(1.) This is an appeal by 17 persons who have been convicted by the learned Sessions Judge of Bareilly of an offence punishable under Section 395, Indian Penal Code. The trial was by jury. After the Judge had finished his charge the jury retired to consider their verdict. The foreman thereafter delivered, the verdict of the jury in the following terms: We do not find the offence proved because although we think that the accused were present there is no evidence that they intended to commit dacoity when they went there. The affair-seems to be rather what happens in a village and in such a case it is quite ordinary to use such an expression as even though you out our throats we will not let you cut the crop. We think that they went to the field with the idea of settling the dispute. I know of such a case in one of my own villages.
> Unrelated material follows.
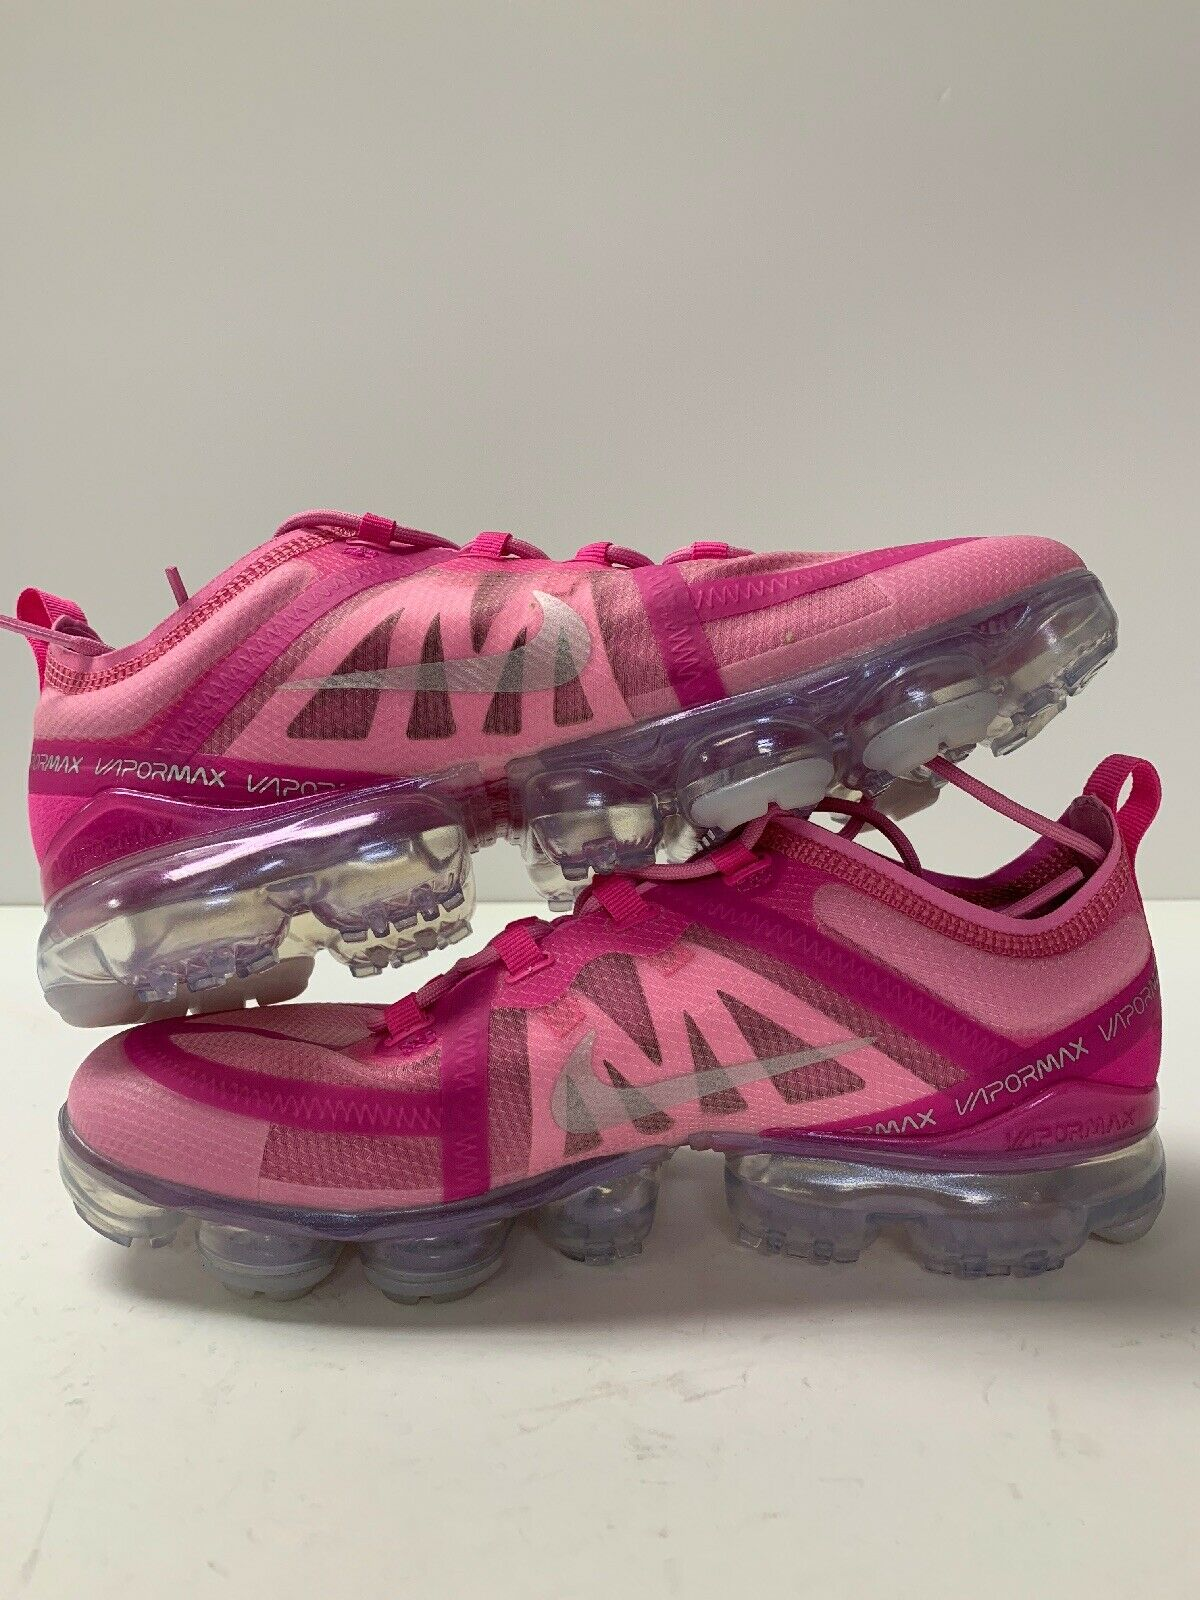 Womens 2019 Nike Vapormax AR6632-600 Active Fuchsia Pink & Metallic Silver Sz 10

(2.) At this stage the learned Judge stopped the foreman and explained certain matters to the jury and also put certain questions to the foreman to which be replied. Thereafter the jury was asked to retire again to re-consider the facts and the points which the Judge had laid before them. The jury then returned a verdict of guilty as regards each of the appellants and the learned Judge accepting the verdict convicted the appellants. It is contended on behalf of the appellants that the procedure adopted by the learned Judge had no sanction in law and the amended verdict of guilty returned by the jury was illegal. In my judgment, this contention is well founded and ought to prevail.
(3.) The incident forming the subject of the charge took place in village Pan aria on 2 January, 1935. It is common ground that a sugarcane crop alleged to belong to two persons named Dori and Chet Ram was attached in execution of a decree and was sold by the Amin on 1 January 1935. One Gauri Shankar purchased the same for Rs. 74. Gauri Shankar paid the sale price and the Amin passed a receipt.